Дождь шёл третий час, и Саймон не чувствовал его.
Он сидел на верхнем ряду пустых трибун, глубоко натянув капюшон, и вода давно нашла все дороги внутрь — стекала за шиворот, пропитала худи насквозь, склеила волосы. Внизу, под серой стеной ливня, тонуло пустое поле. Холод должен был бить крупной дрожью — но холод, как и всё остальное в эти дни, не долетал. Между Саймоном и миром теперь стояла прокладка из ровной, стеклянной тишины, и мир скрёбся в неё всё глуше.
С раздевалки прошло несколько дней.
Кампус за это время досмотрел видео до конца — все, до последнего первокурсника. Саймон чувствовал это кожей, проходя по коридорам: полуподнятые телефоны, смешки, разговоры, стихающие при его приближении и оживающие за спиной. «Тот самый, с колой». Он стал местной достопримечательностью, экспонатом, у которого не спрашивают разрешения на осмотр. Неделю назад это убило бы его. Теперь — отскакивало, не долетев: всё, что летело в него снаружи, разбивалось об одно и то же — о то новое, холодное, что росло внутри и требовало только времени.
Образ приходил теперь каждую ночь.
Тот самый, что впервые вспыхнул и погас на краю сна: тусклый блеск металла в темноте. С каждой ночью кадр держался дольше и делался резче — уже различались тяжёлые звенья, уходящие куда-то вверх, натянутые до звона; уже угадывался вес железа на запястьях. А этой ночью Саймон наконец разглядел, чьи это руки.
Мощные. Загорелые. Скованные над головой — намертво.

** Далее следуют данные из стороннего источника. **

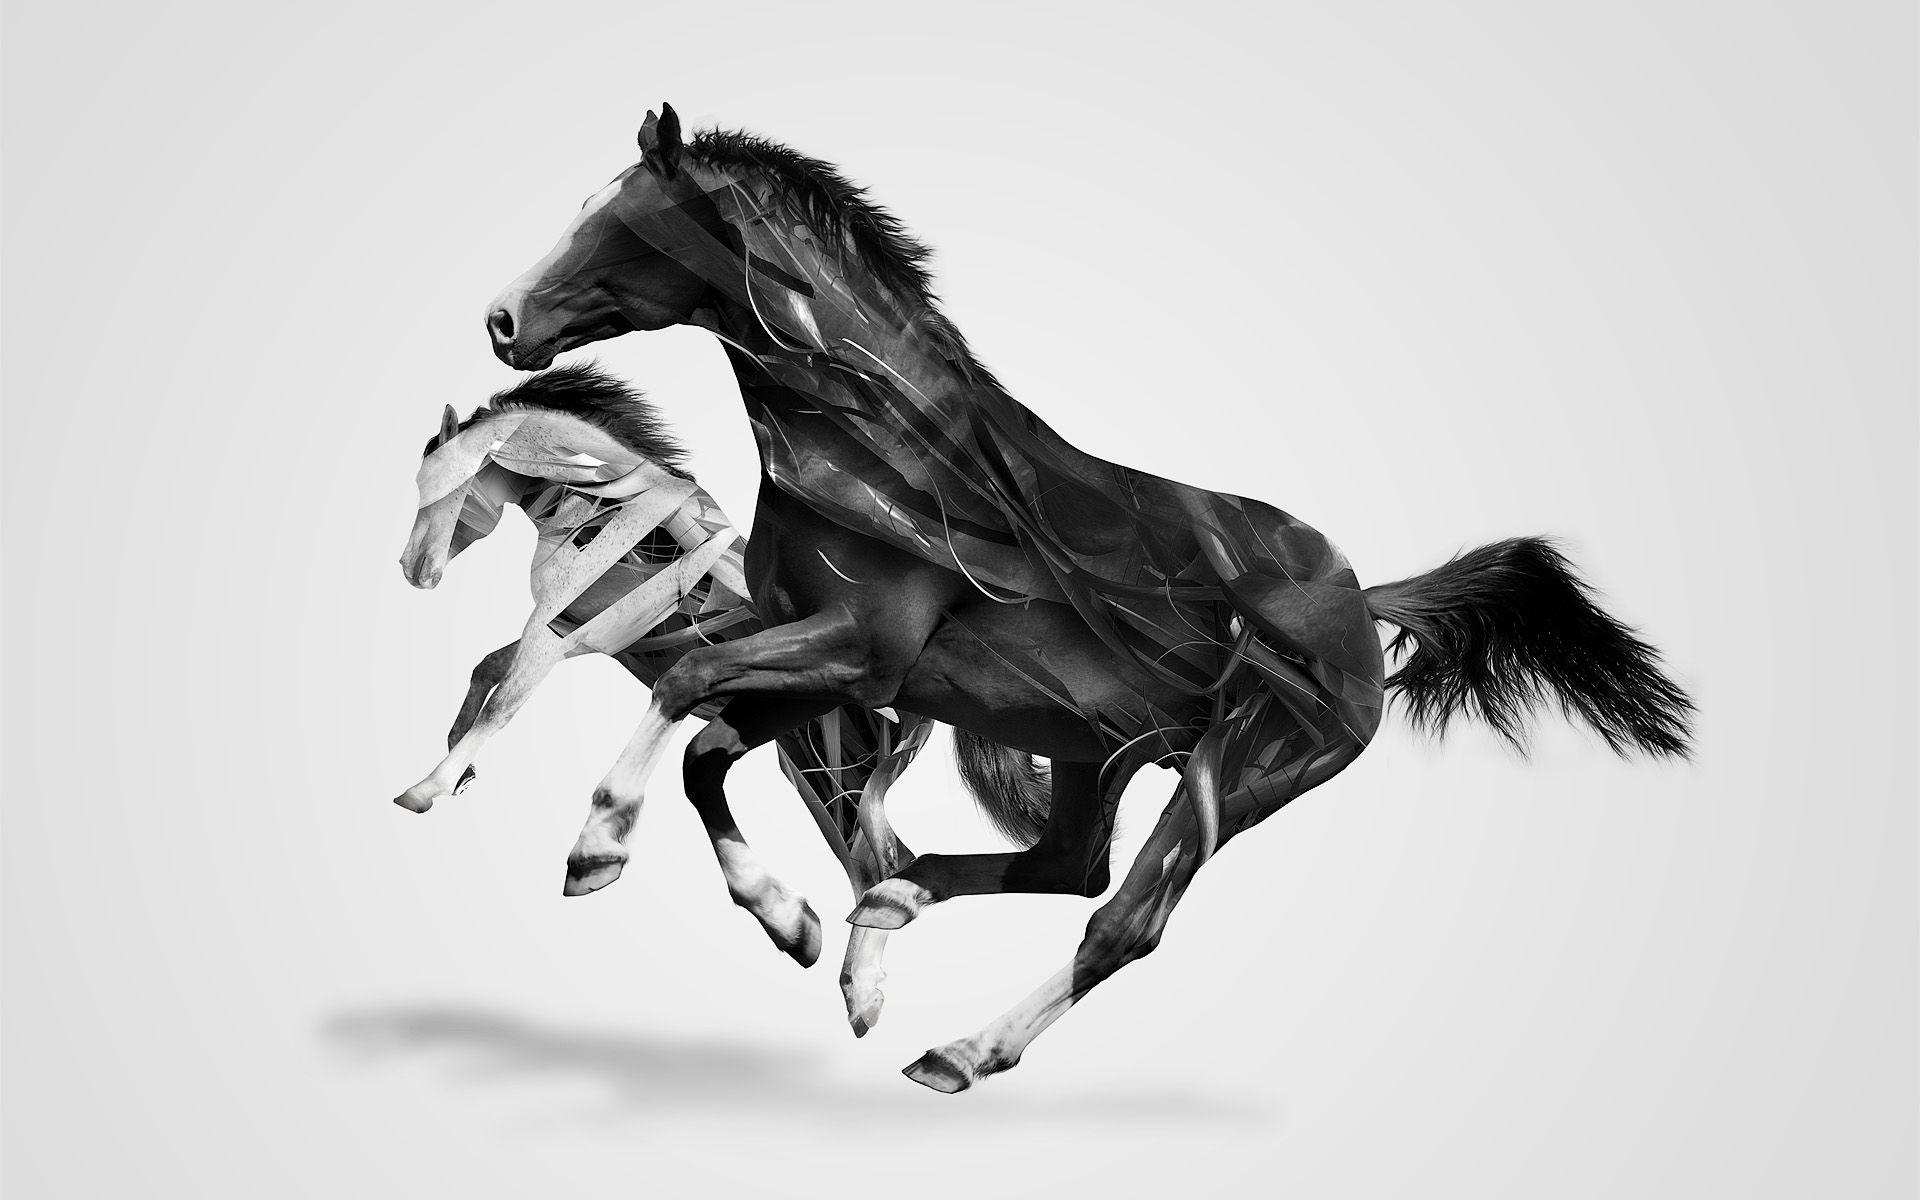 Fantastic Wallpaper Horse Collage - 3dcc54e5b4f5635d3b6580a5ebfc7d87  Collection_266869.jpg

Джейкоб. Идеальный, неприкасаемый король кампуса — обездвиженный, лишённый своей силы, своей свиты, своего голоса, которым говорил мир. Беспомощный. Ждущий.
И глядя в темноту, где догорал этот кадр, Саймон впервые сумел назвать словами то, что зрело в нём все эти дни. Не разоблачение — разоблачение отдаёт его другим. Контроль. Полный, тотальный, безраздельный контроль над тем, кто его разрушил, — над телом, над волей, над каждым вдохом. Чтобы никто и никогда больше не мог дотянуться до Джейкоба. Кроме него.

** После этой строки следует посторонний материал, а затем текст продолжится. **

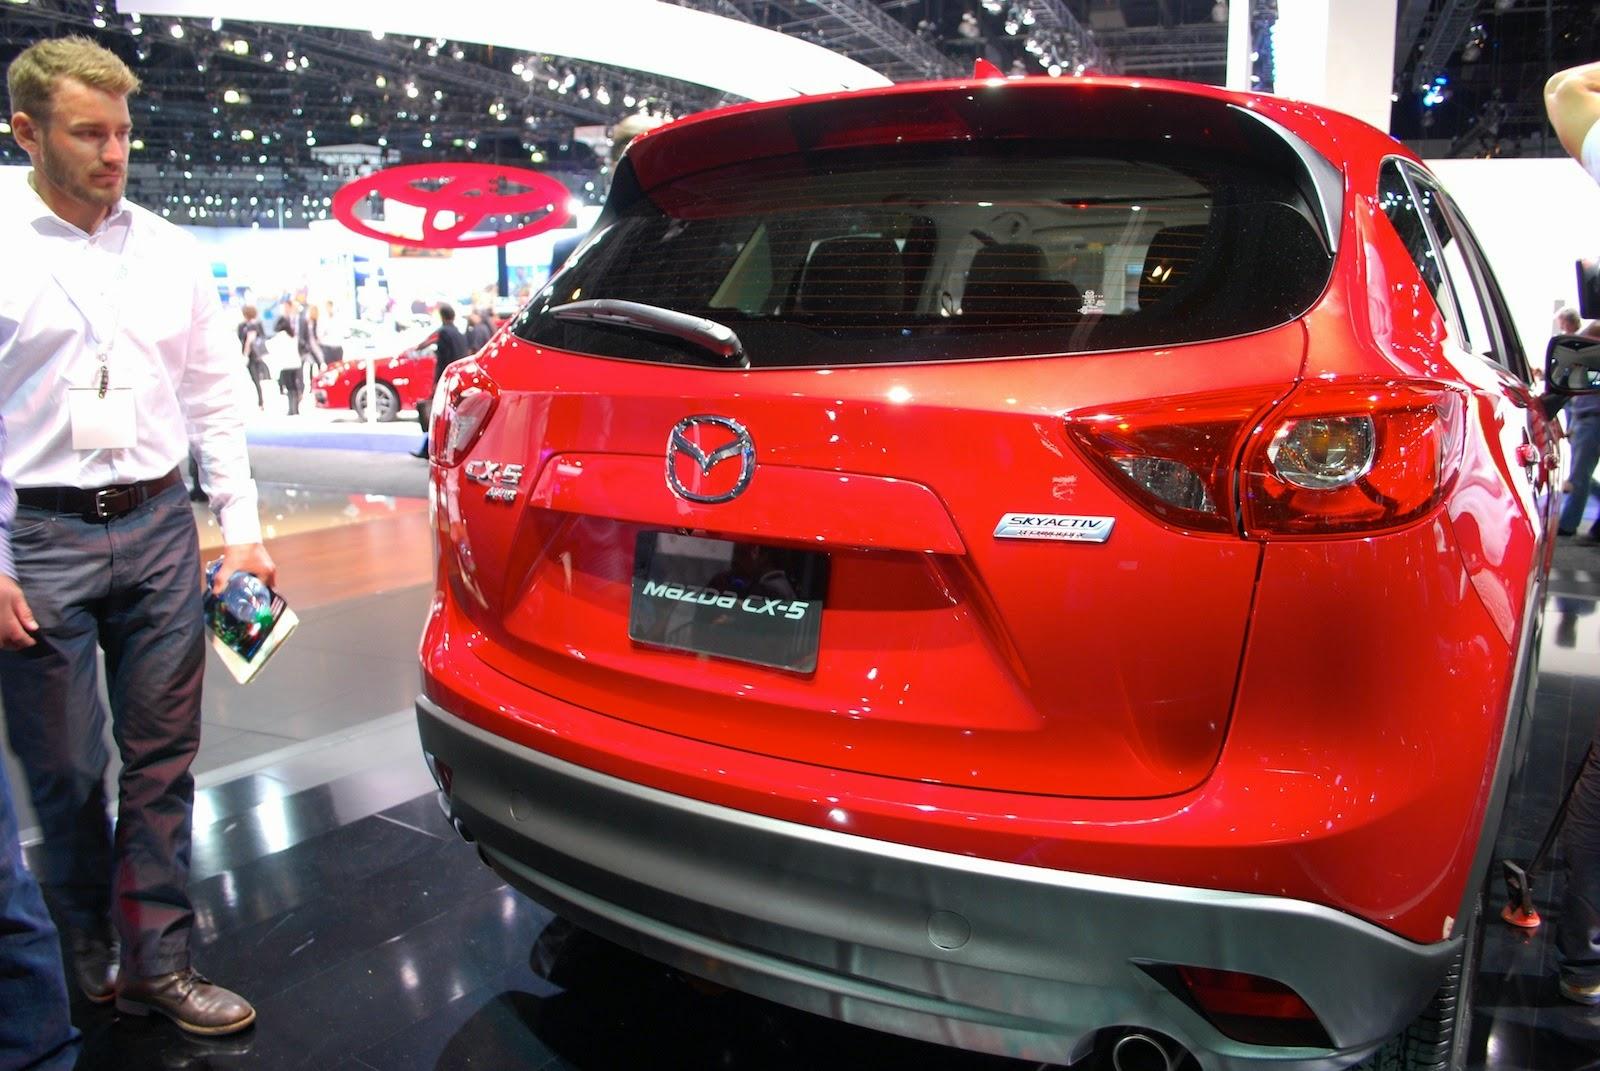 2016 Mazda Cx 5 And Mazda6 Now Have Stylish Interiors They

Изнутри эта мысль не выглядела безумием — она выглядела единственно честной. Всё, что было между ним и Джейкобом — удары, темнота, тайна, — принадлежало только им двоим; никто, кроме них, там не жил и не имел права жить. Мир годами смотрел на это и не вмешивался. Значит, мир потерял право голоса. Теперь — поздно.
Лицо Саймона при этой мысли не выражало ничего — ни боли, ни страха, ни торжества. Только дождь стекал по нему, как по стеклу.
Он ещё не знал, как. Но «как» было уже вопросом техники. Оставалось дозреть.
Эшли Купер заметила их задолго до того, как это стало историей.
Замечать было её профессией. В свои двадцать три Эшли возглавляла студсовет и университетскую газету разом — синие волосы, тяжёлая оправа очков и репутация человека, с которым не спорят дважды. Она знала этот университет так, как знают механизм: где какая шестерёнка, что скрипит, что подкручено и кем. И она вела списки. Аккуратные, датированные, с именами и свидетелями — списки, которые студсовет предпочёл бы оставить ненаписанными.
Привычка родилась не здесь. Ещё в школе Эшли получила урок, который сделал её той, кем она стала: у них тогда тихо выдавливали одного парня с параллели — методично, месяцами, у всех на виду. Она дважды ходила к администрации; её дважды вежливо выслушали — школа как раз готовилась к юбилею и ждала спонсоров, и портить фасад никто не собирался. Парень исчез — перевёлся, растворился, стал сноской. А её первую в жизни заметку об этом сняли из школьной газеты за час до печати. Тогда она и поняла главное — на всю жизнь вперёд. Рычаг — это страх системы за собственное имя. С тех пор Эшли никого ни о чём не просила. Она приходила с папкой.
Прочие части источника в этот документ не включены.